La Nouvelle-Calédonie compte environ 110 orthophonistes, selon le syndicat qui les représente. Cette spécialité est ô combien essentielle pour la communication et la libération de la parole. Les orthophonistes viennent en aide aux enfants, aux adolescents comme aux personnes âgées. Durant les évènements des dernières semaines, environ une quinzaine de cabinets a été pillée ou incendiée, compromettant ainsi l’offre de soins.
A la mi-mai, dès la première semaine des émeutes, Amandine Lelong a constaté, impuissante, la destruction de son local, situé au centre médico-social de Rivière-Salée, à Nouméa. La jeune orthophoniste de 31 ans y était installée depuis bientôt trois ans. Son cabinet était quasi neuf, tout comme le bâtiment, sorti de terre en 2021. “J’ai été découragée, forcément très très atteinte, que ce soit pour les collègues, pour moi ou pour les patients du CMS. On pratiquait le tiers-payant et il permettait à la population de Rivière Salée de se faire soigner rapidement” confie Amandine.
Son témoignage :
Grâce à la solidarité d’une collègue, elle a pu reprendre récemment un semblant d’activité dans un autre cabinet mais a perdu plus de la moitié de ses patients. Quelques semaines après la destruction de son cabinet, elle a continué ses consultations dans un Ephad de Dumbéa mais la route n’étant pas complètement sécurisée à ce moment-là, c’est son conjoint qui l’emmenait trois fois par semaine.
Sur le territoire, l’orthophonie est une spécialité très demandée, peu importe l’âge. Que l’on soit bébé, enfant ou une personne âgée, les consultations sont essentielles pour beaucoup. “Surtout les premiers mois après un AVC; ils sont vraiment très importants. C’est là où la plasticité cérébrale est la plus optimale donc il y a des chances de récupération plus importantes” explique Amandine.
Avec la destruction de nombreux cabinets médicaux depuis le 13 mai, les patients calédoniens ont aujourd’hui des difficultés pour consulter.

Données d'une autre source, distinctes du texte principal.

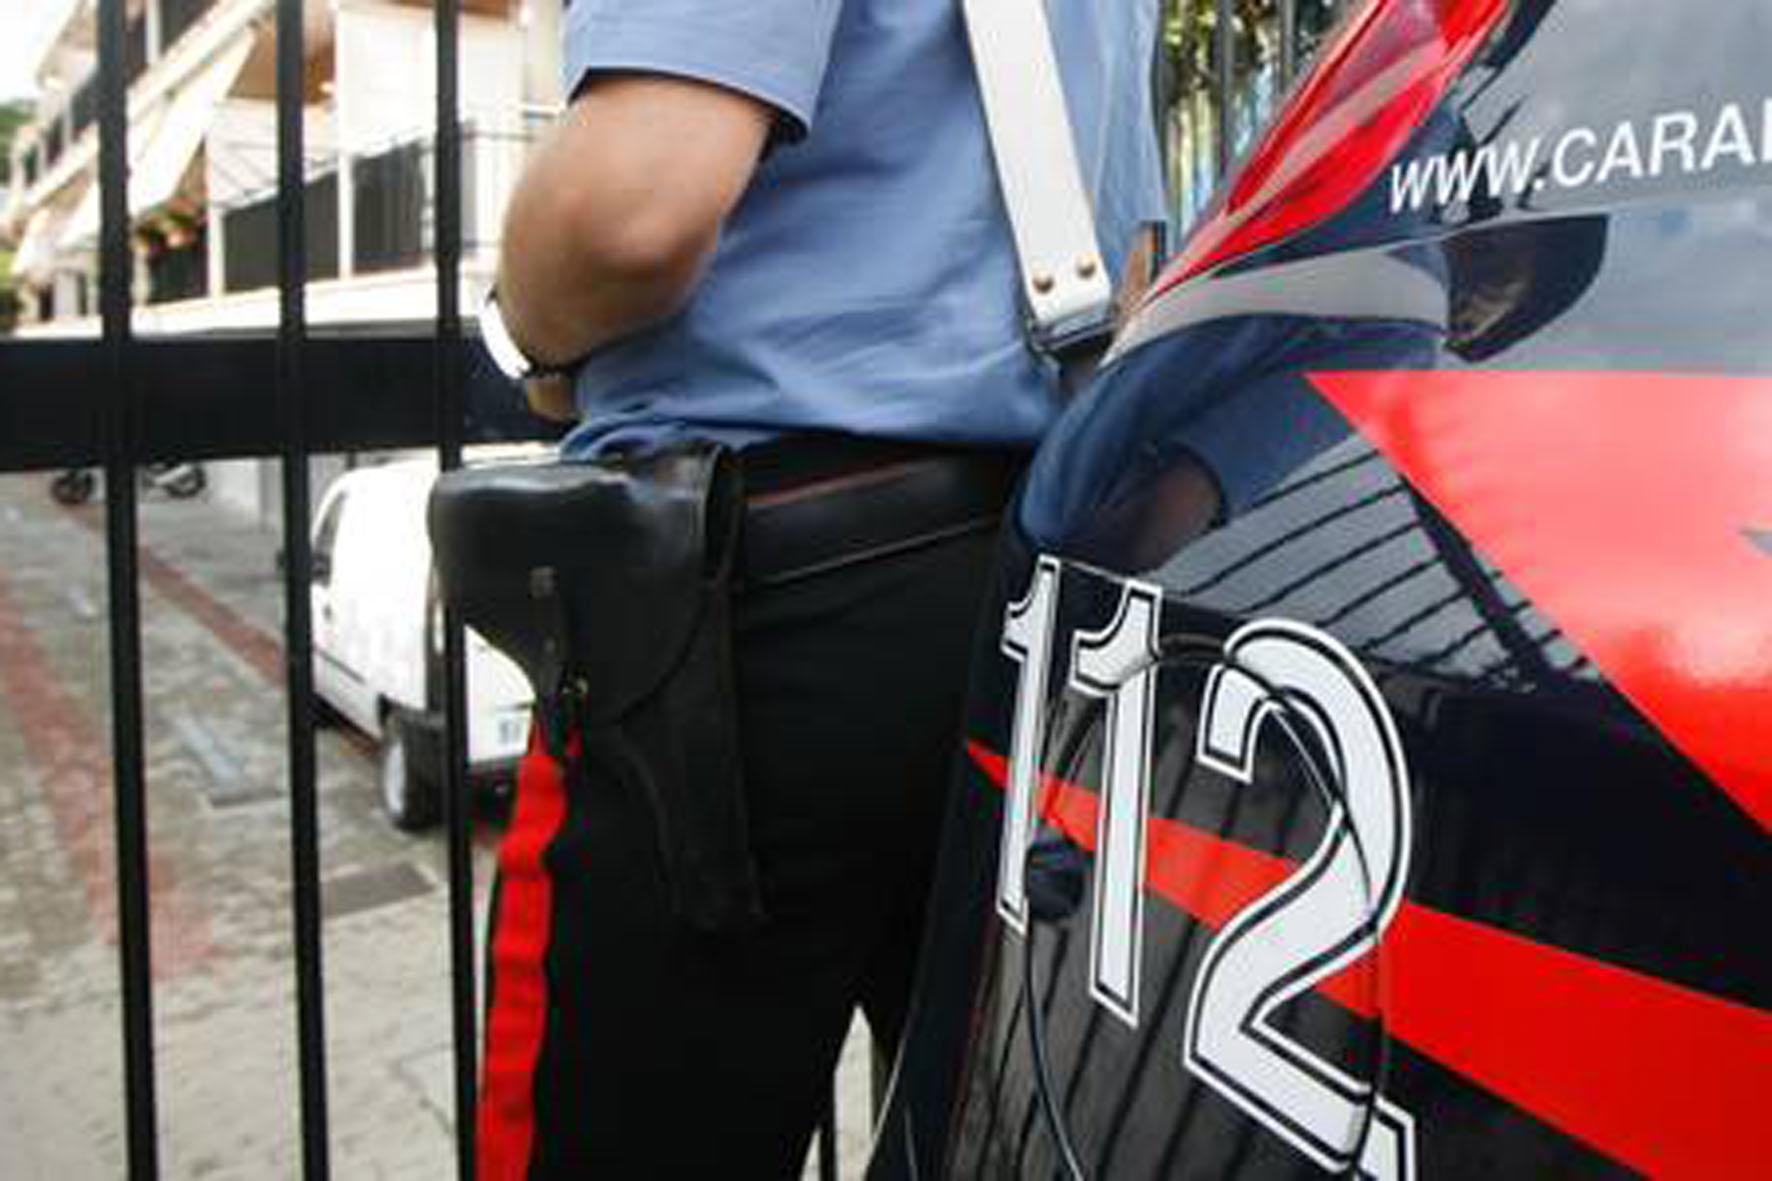 Roma, appalti truccati nella sanità: arrestati dirigenti Asl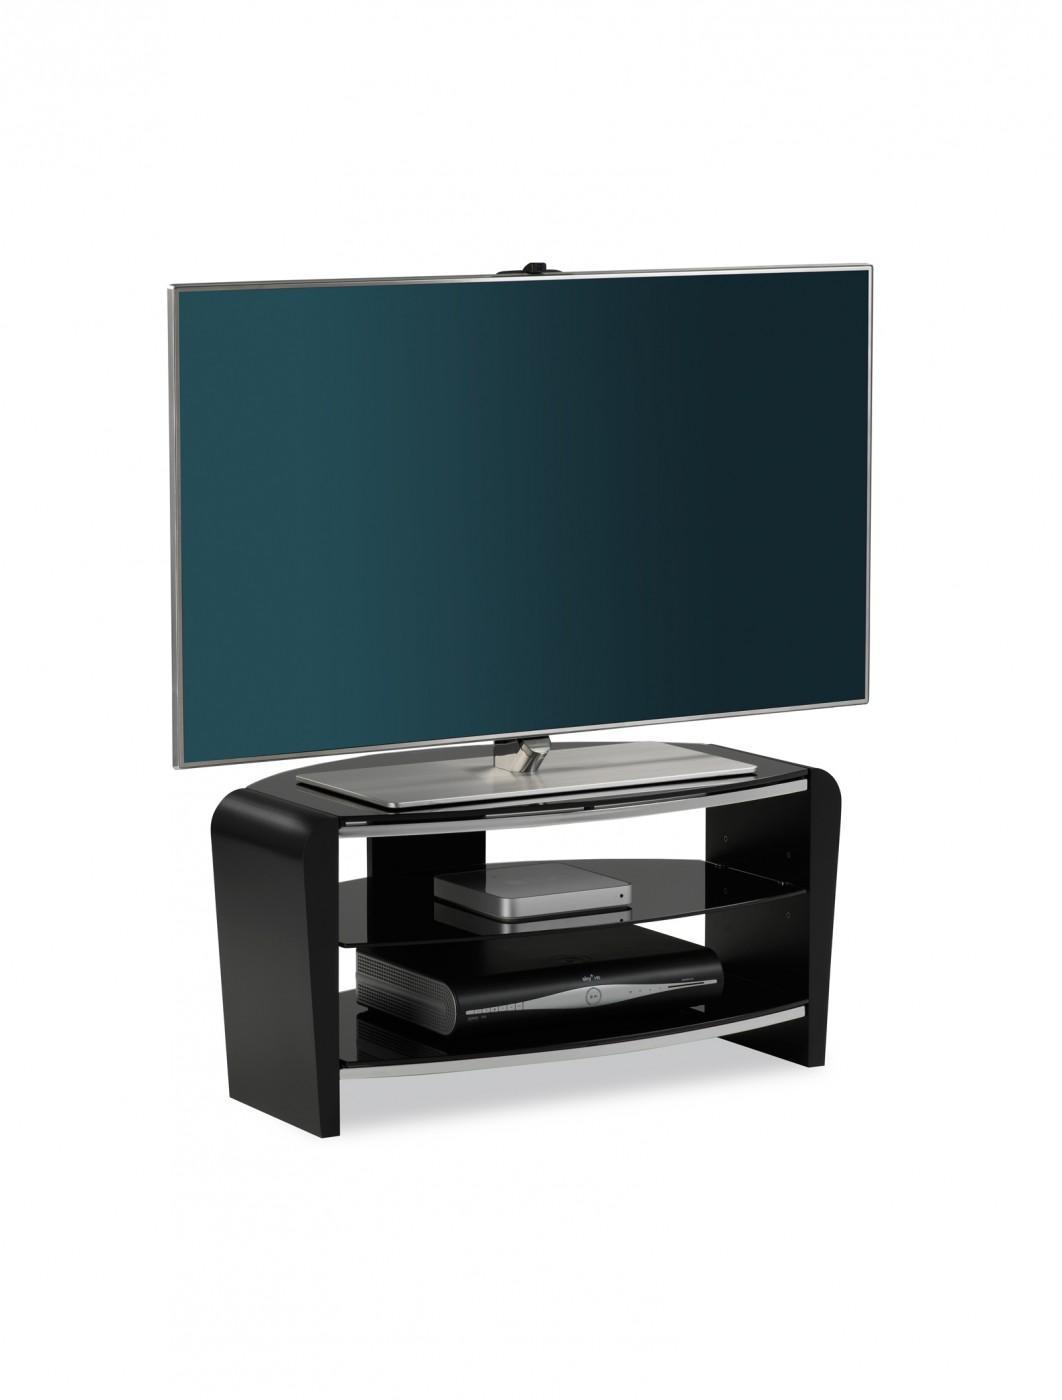 alphason frn800 3blk bk francium tv stand

Une rupture de soins qui peut être grave, chez les enfants notamment. En cette période très anxiogène, les orthophonistes jouent un rôle clé. “On a des enfants et des adultes qui sont suivis plusieurs fois par semaine. Ils se retrouvent maintenant sans prise en charge. Ils n’ont pas d’école, et sur les progrès qui avaient pu être faits, on va avoir des régressions voire de nouvelles difficultés” explique Marine Channaux, la président du syndicat des orthophonistes.
Les enfants ont entendu des choses, ils ont vu des choses et ils ont besoin de l’extérioriser. Ceux qui ont repris l’école en ont parlé avec les enseignants mais pour ceux qui n’ont pas encore repris, les orthophonistes sont une autre oreille que celle de leurs parents.
Marine Channaux, présidente du syndicat des orthophonistes
Dans certains quartiers, comme au Vallon-Dore où exerce Marine Channaux, le temps d’attente pour un rendez-vous chez l’orthophoniste peut aller jusqu’à un an. Après avoir fait le tour de ses confrères, la présidente du syndicat annonce que la Calédonie perdra prochainement plus de 10 % de ses orthophonistes. Des départs qui étaient prévus pour certains… mais pour d’autres, ils sont la conséquence des évènements des dernières semaines.